An observation: What many conservative politicians (such as Mattiello) who want to cut taxes, and many liberal politicians who want to increase spending, have in common is their usual vagueness as to how to balance the budget by program cuts in the first case, and revenue increases in the second. Both appeal to vague assurances of efficiency or reducing waste (that I've heard forever to little effect, remember the "big audit?") so that their position seems painless. Case in point is the bill to eliminate tolls but give more $$ to RIDOT anfd RIPTA without real new revenues. This has liberal and conservative support but how will it be paid for?? By efficiency/reducing waste, yeah.
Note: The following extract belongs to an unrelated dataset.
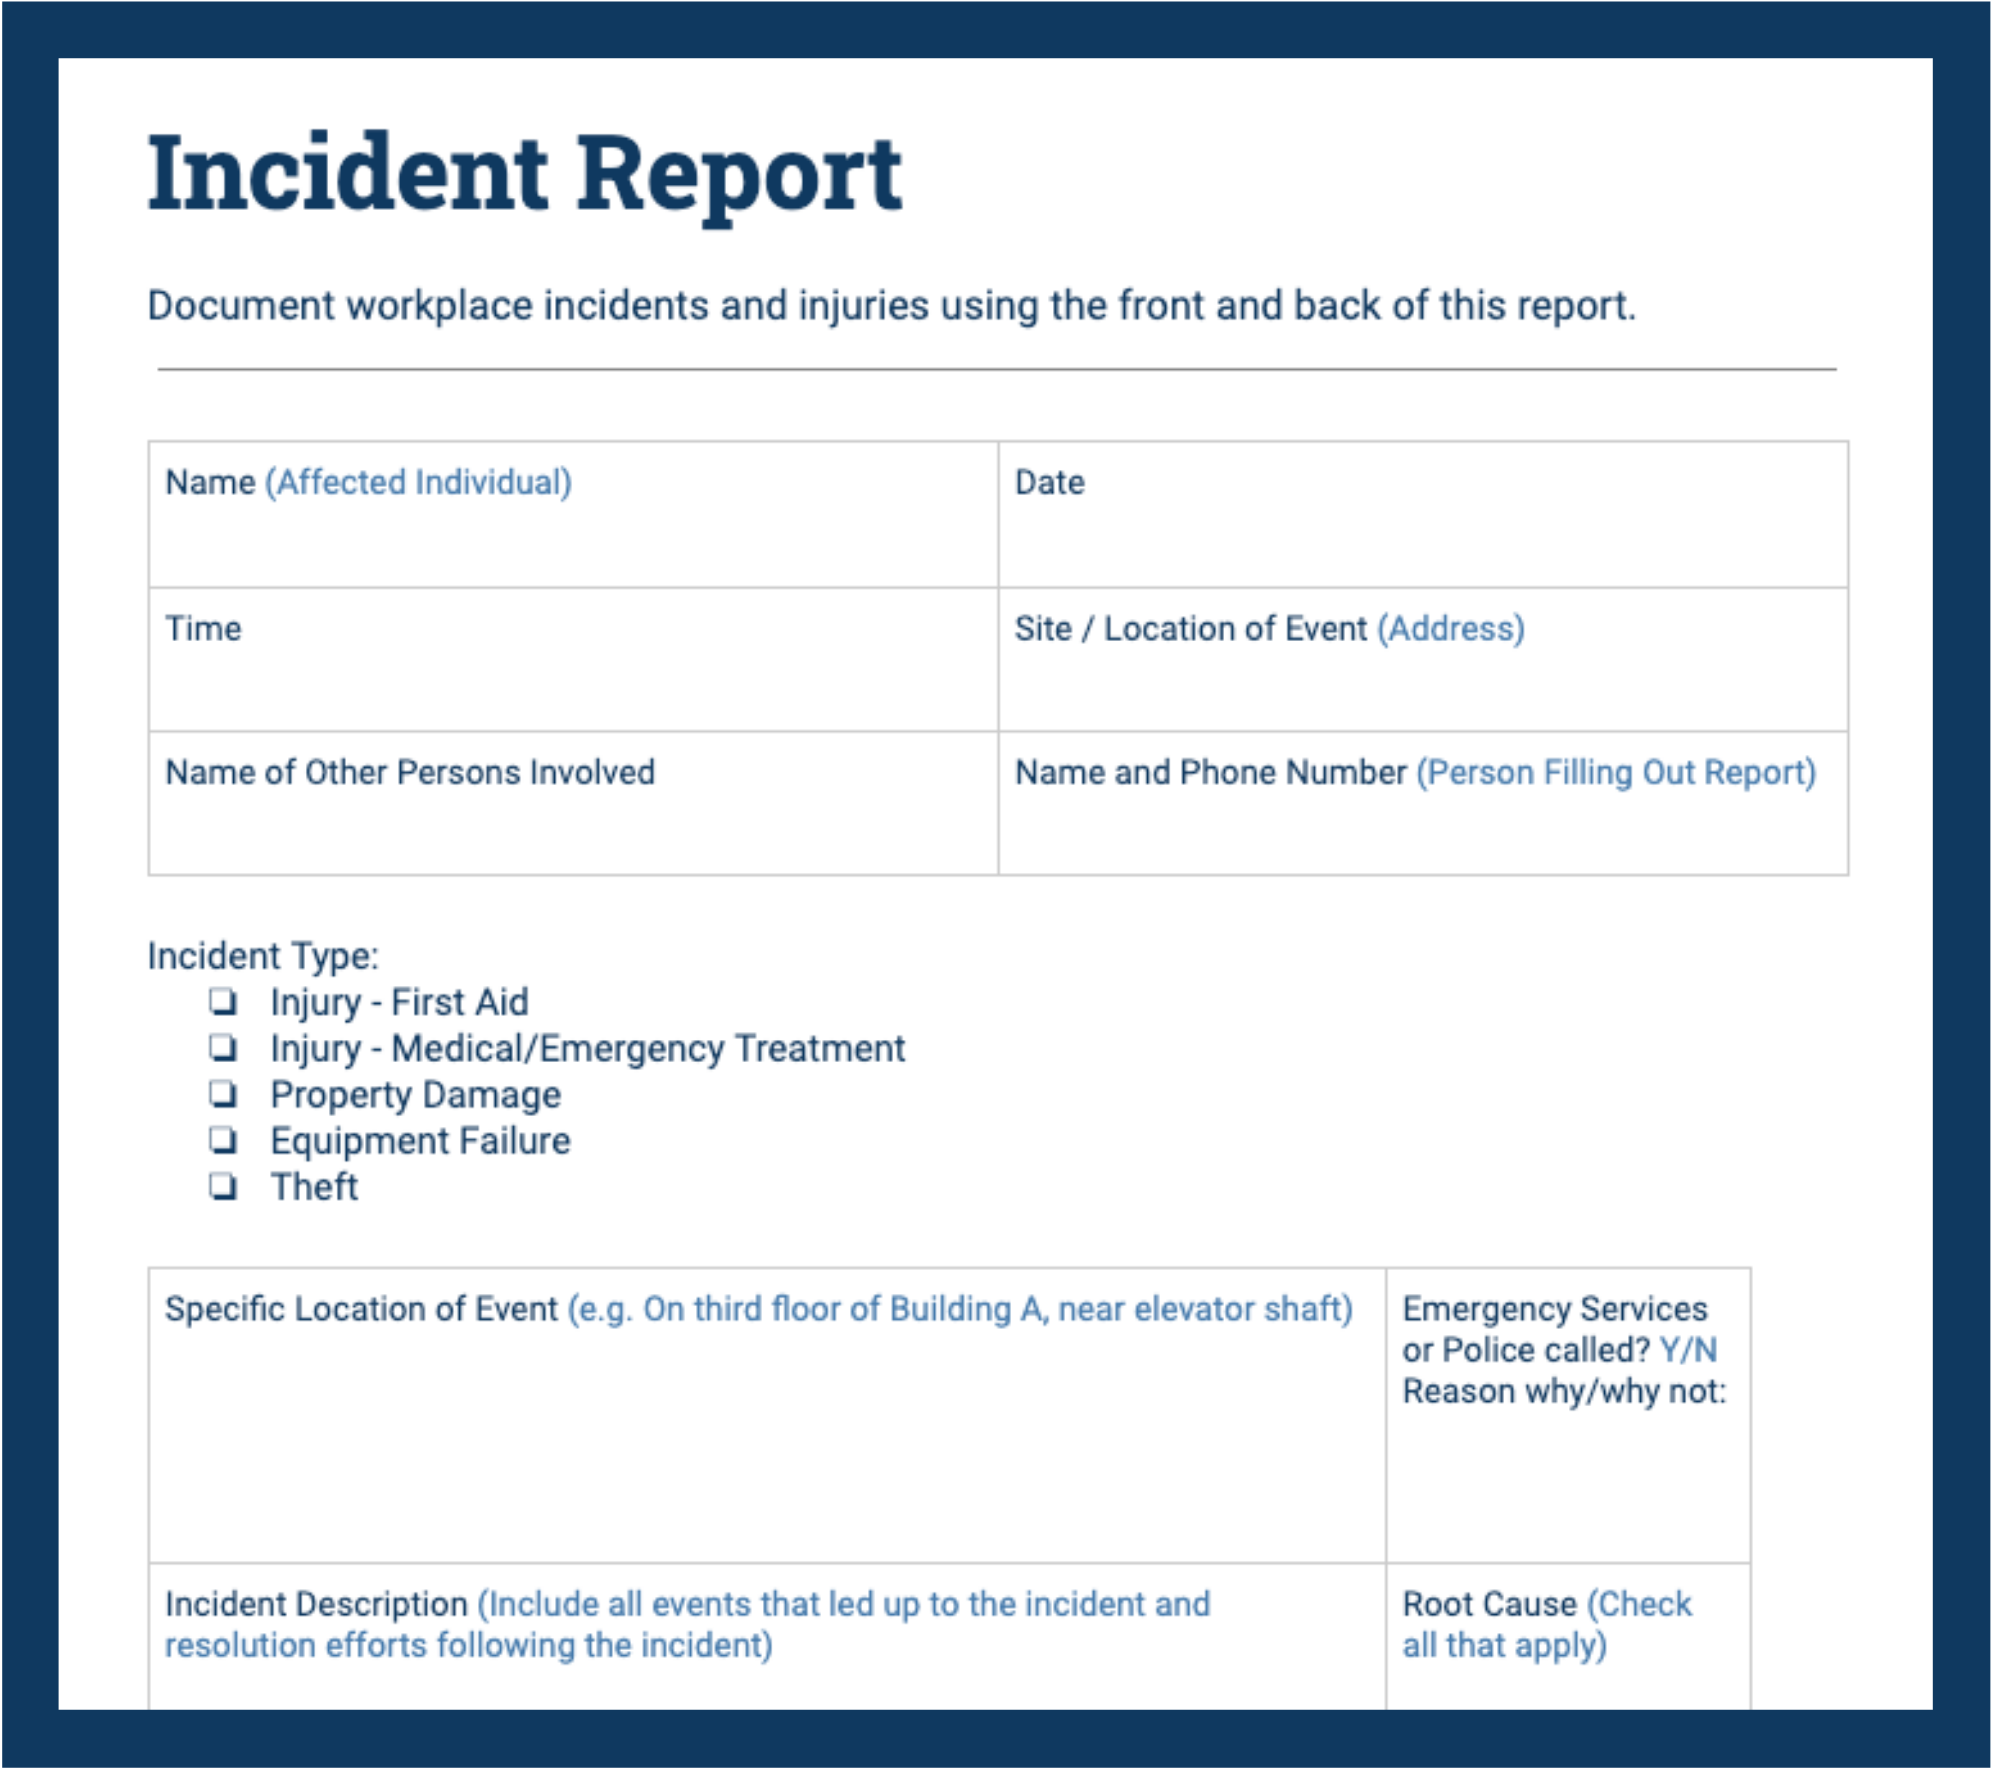 regarding-an-onsite-accident-what-kind-of-report-should-detail-what

At least private advocacy groups are more honest, for example calling for eliminating arts or historic protection funding in one case, calling for upper income income tax increases in the second.

By the way, I think "slick Nick" (or "Governor Gump") type of language needlessly detracts from the point being made.

Comment #6 by barry schiller on 2014 04 18

Art Chris Schaper is a fired school teacher from California and a serial spammer. This site sure is hungry for content.

Comment #7 by Lewis Charleston on 2014 04 18

We most definitely need a Constitutional Convention in this state. to give us terms limits to rid us of career politicians, and we need to get rid of the master lever. Voters have been screaming for this change for over 50 years. Since the General Assembly is too busy taking care of their own business, we need to work for a Constitutional Convention to clean the putrid air that permeates Smith Hill.

Comment #8 by Joyce Bryant on 2014 04 19

Hey Joyce--you and every other state--already have term limits. They are called "elections".

Comment #9 by Lewis Charleston on 2014 04 19

Dear Lewis you sound like you may not originally be from Rhode Island. Voters in this state don't know how to vote the thieves out. They usually wait for the FBI or the State Police to raid the politico's office. Of course the voters in this state have also been known to vote the felons back in. That's Rhode Island politics.

Comment #10 by Joyce Bryant on 2014 04 19

ha ha whiny unionists don't like him. That's a good thing.
someday we'll end collective bargaining for these thieves and the state will rise from the ashes.

Comment #11 by Odd Job on 2014 04 19

Legalize Prostitution or Marijuana? Puerto Rico Is Looking for Ideas to Solve Debt Crisis..Good idea for liberal Rhode Island? May as well,we're going to loose gambling shortly and we need another revenue stream to make up the difference.